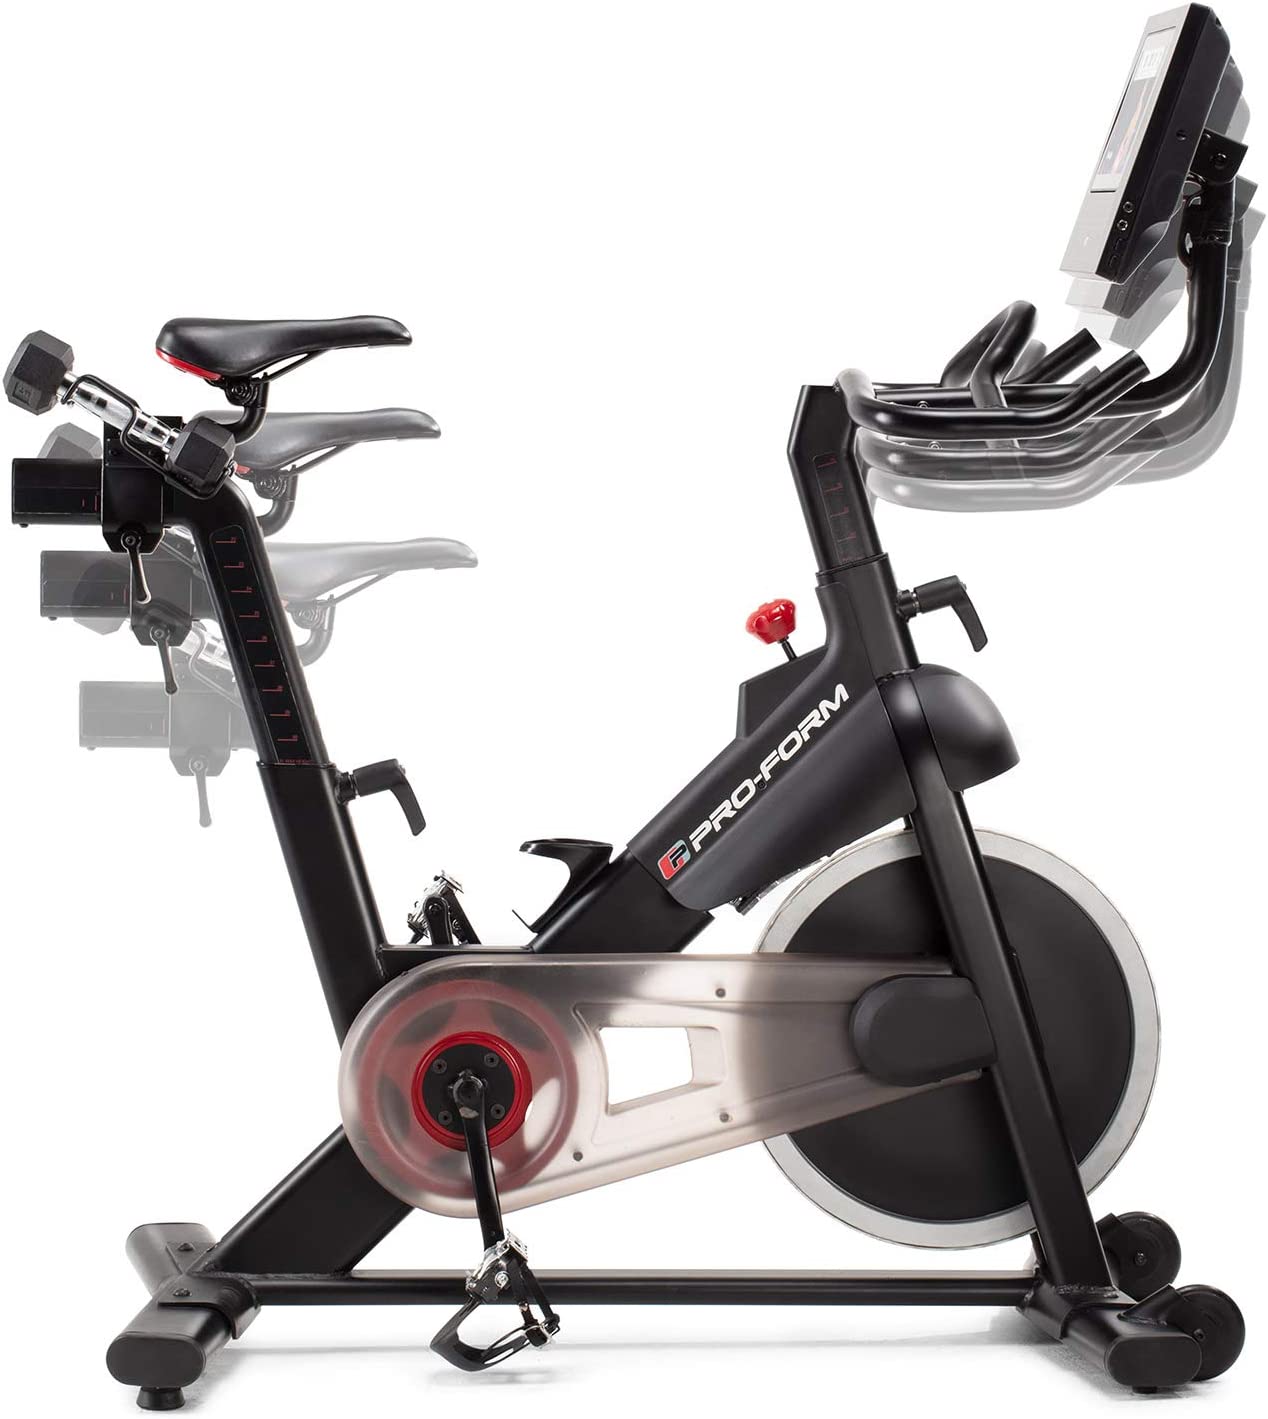 Proform Smart Power 10.0 Exercise Bike - with shadow
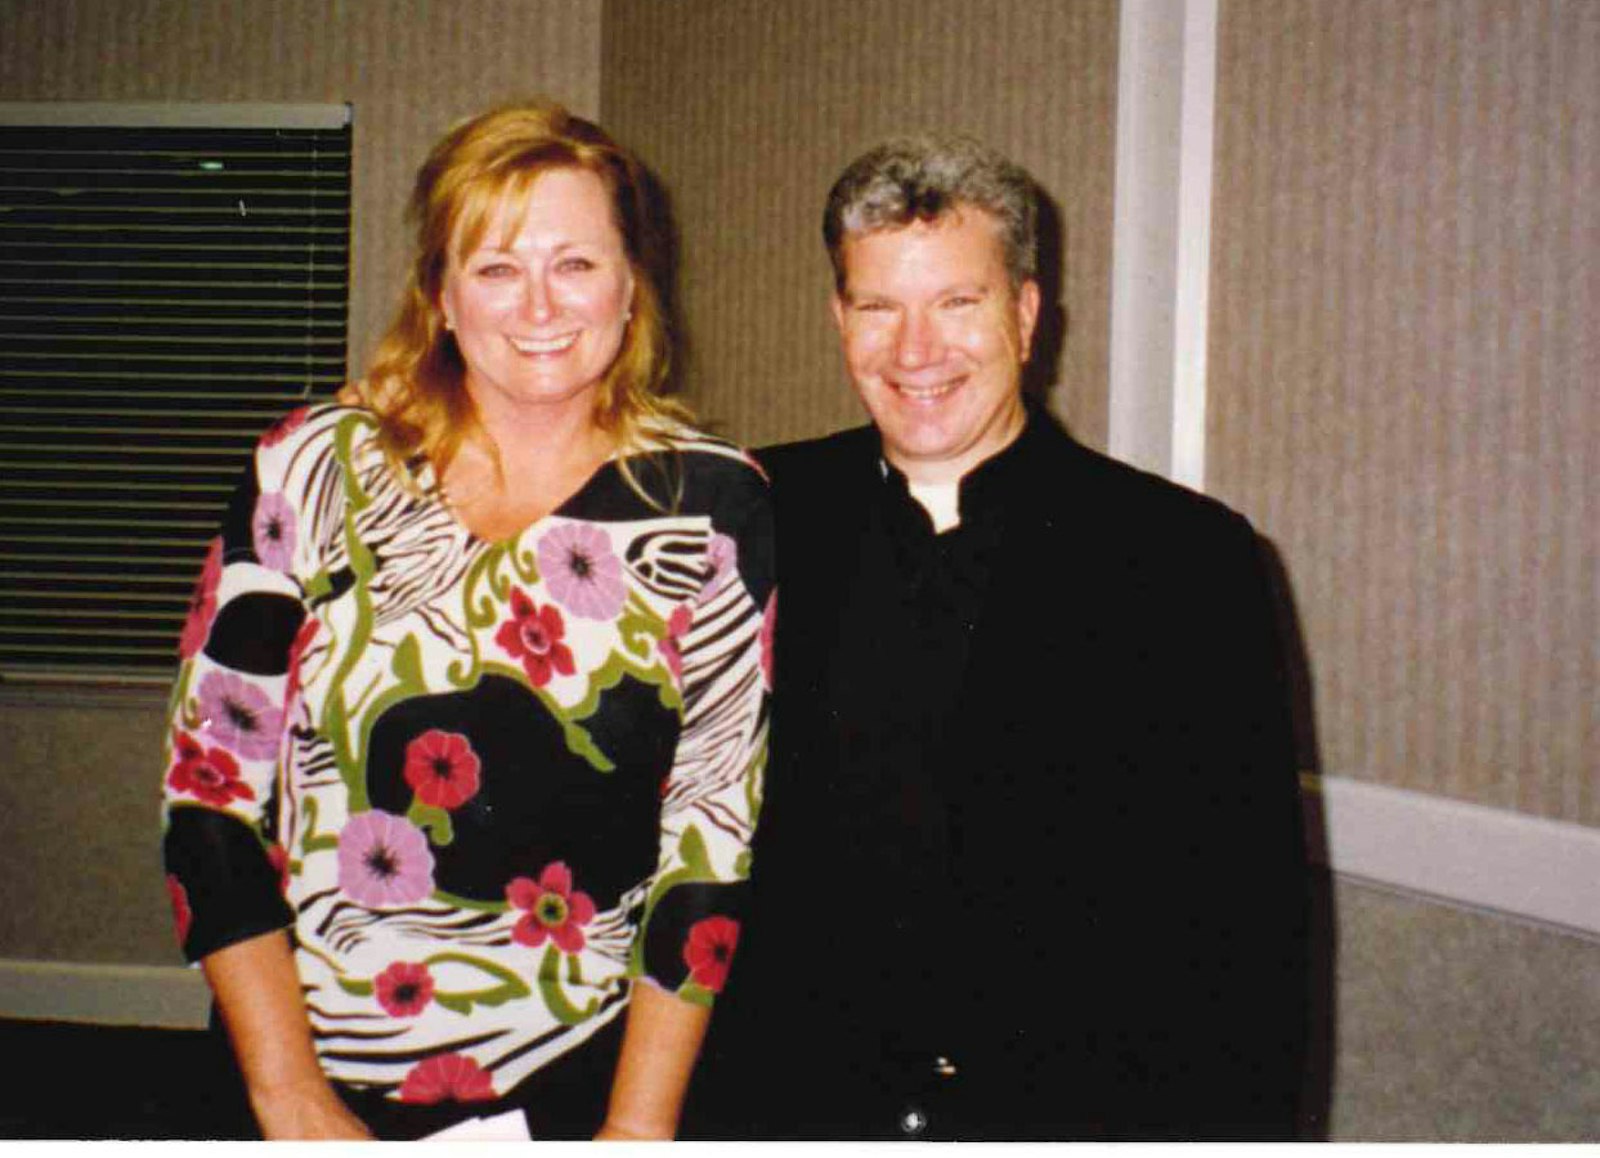 Linda Maccarone, left, former office manager at St. Therese of Lisieux Parish in Shelby Township, smiles with then-Msgr. Jeffrey Monforton, who served as pastor of the parish from 2005-06. (Courtesy of Linda Maccarone)
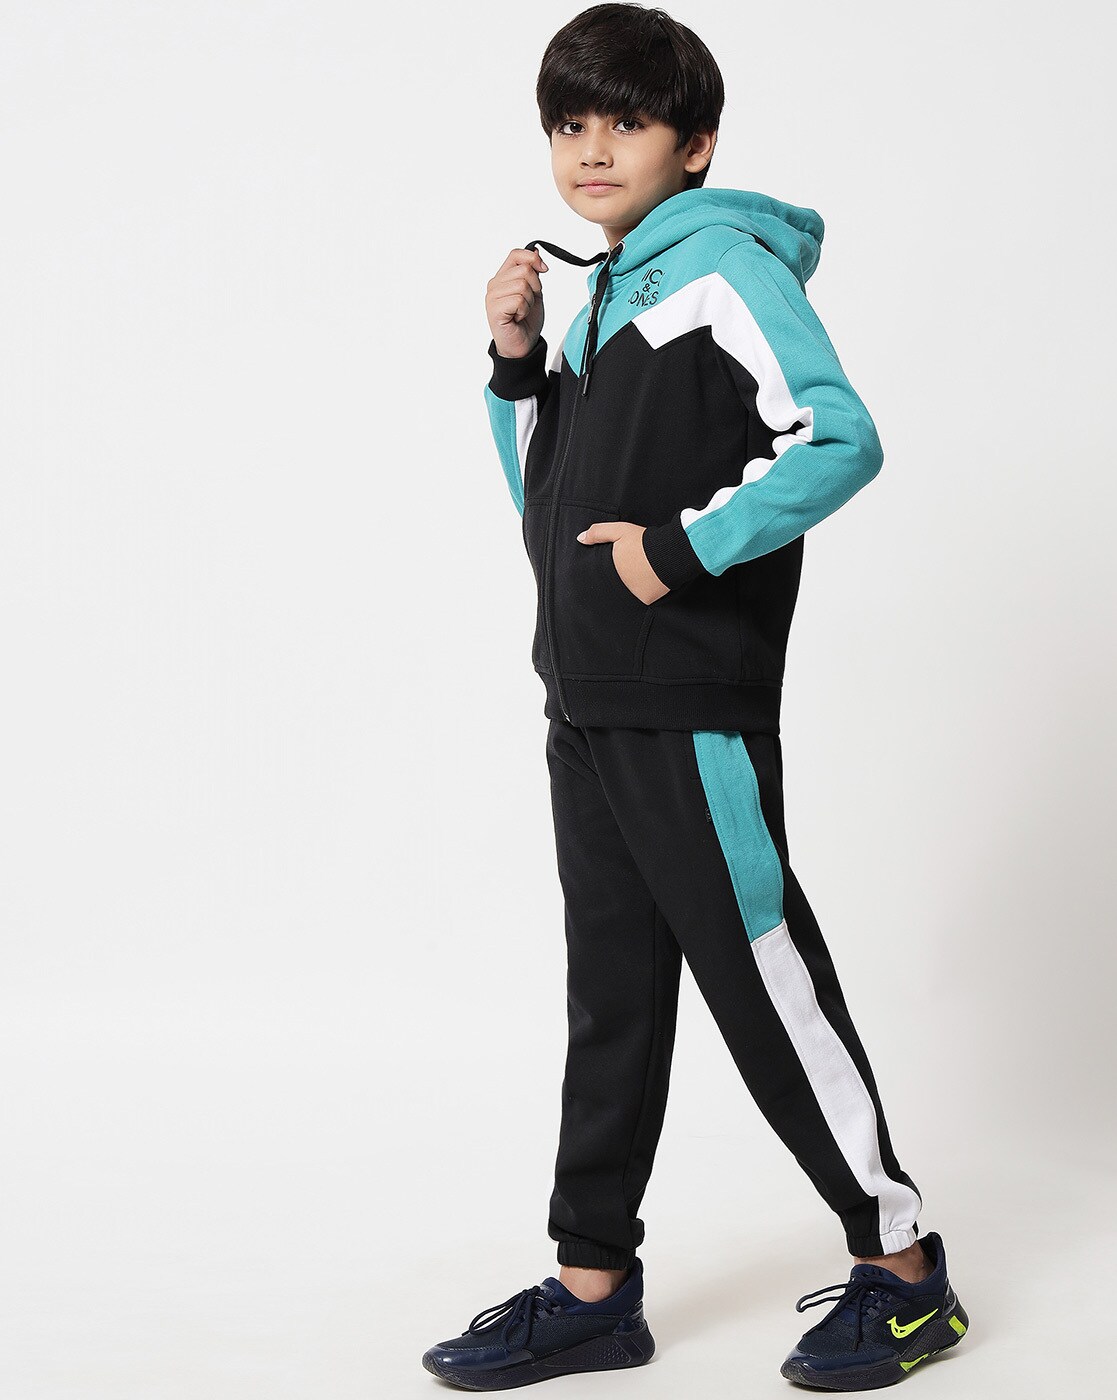 Boys 100% Polyester Sports Wear Tracksuit / Boys Tracksuit Plain Contrast  With Stripes Fleece Hooded $7.6 - Wholesale China Boy's Tracksuit at  factory prices from Shenzhen Twinkle Star Textile Co.,Ltd |  Globalsources.com
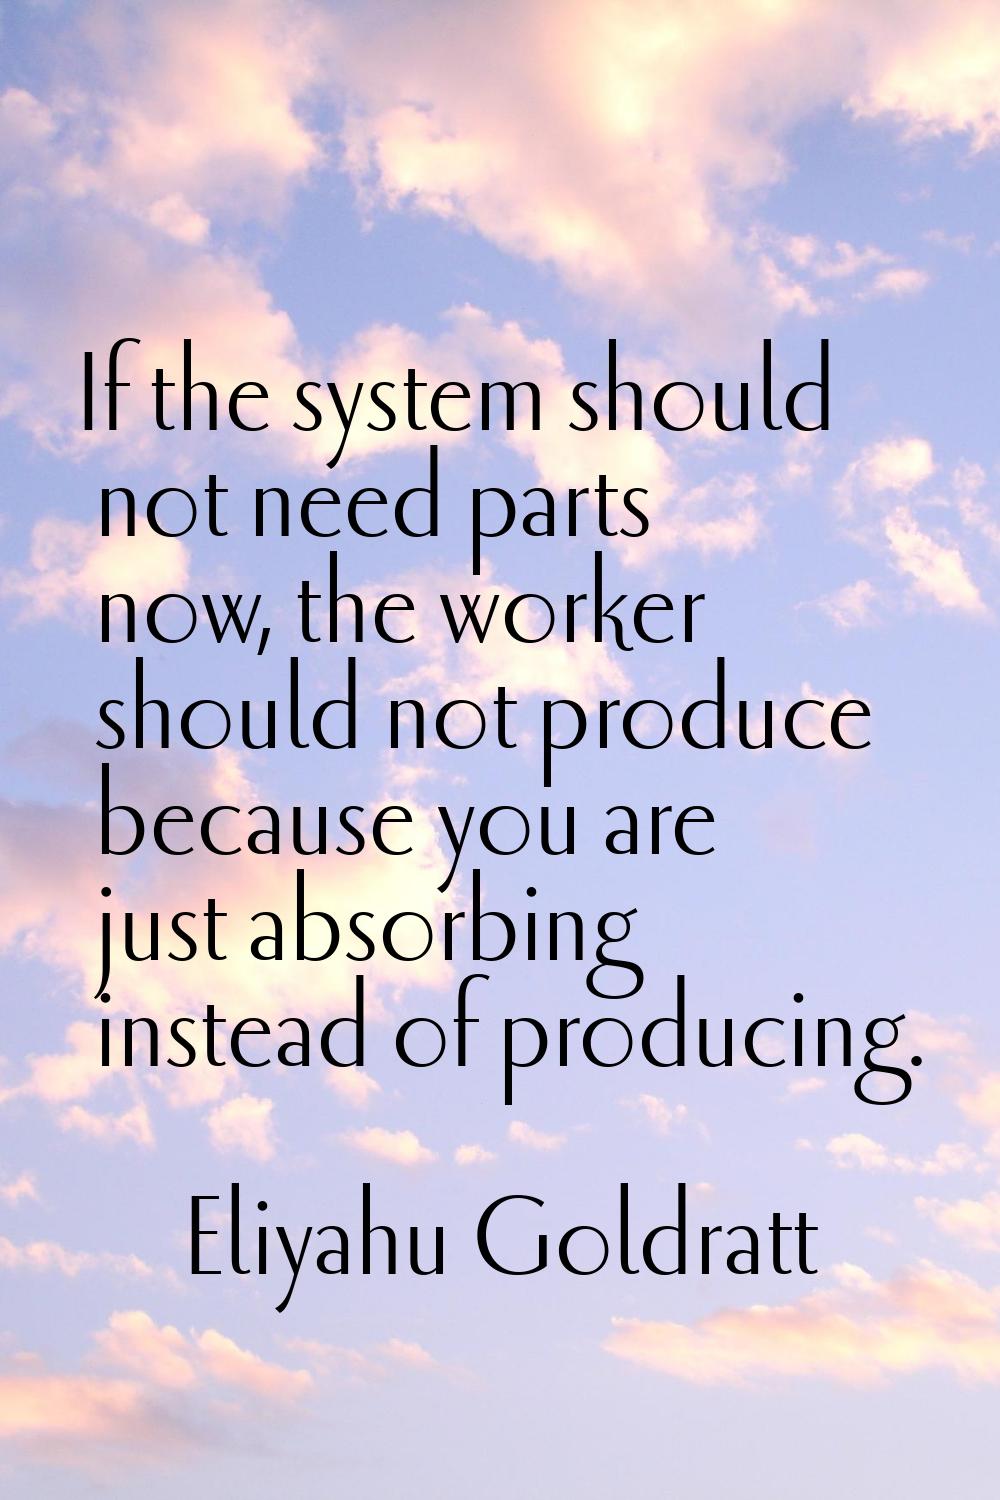 If the system should not need parts now, the worker should not produce because you are just absorbi

──────────────────────────────

_Your task_: Every line above must be printed again exactly, pictures excluded.

_Solution below_:
 Proform Smart Power 10.0 Exercise Bike - with shadow
 Linda Maccarone, left, former office manager at St. Therese of Lisieux Parish in Shelby Township, smiles with then-Msgr. Jeffrey Monforton, who served as pastor of the parish from 2005-06. (Courtesy of Linda Maccarone)
 Boys 100% Polyester Sports Wear Tracksuit / Boys Tracksuit Plain Contrast  With Stripes Fleece Hooded $7.6 - Wholesale China Boy's Tracksuit at  factory prices from Shenzhen Twinkle Star Textile Co.,Ltd |  Globalsources.com
 If the system should not need parts now, the worker should not produce because you are just absorbi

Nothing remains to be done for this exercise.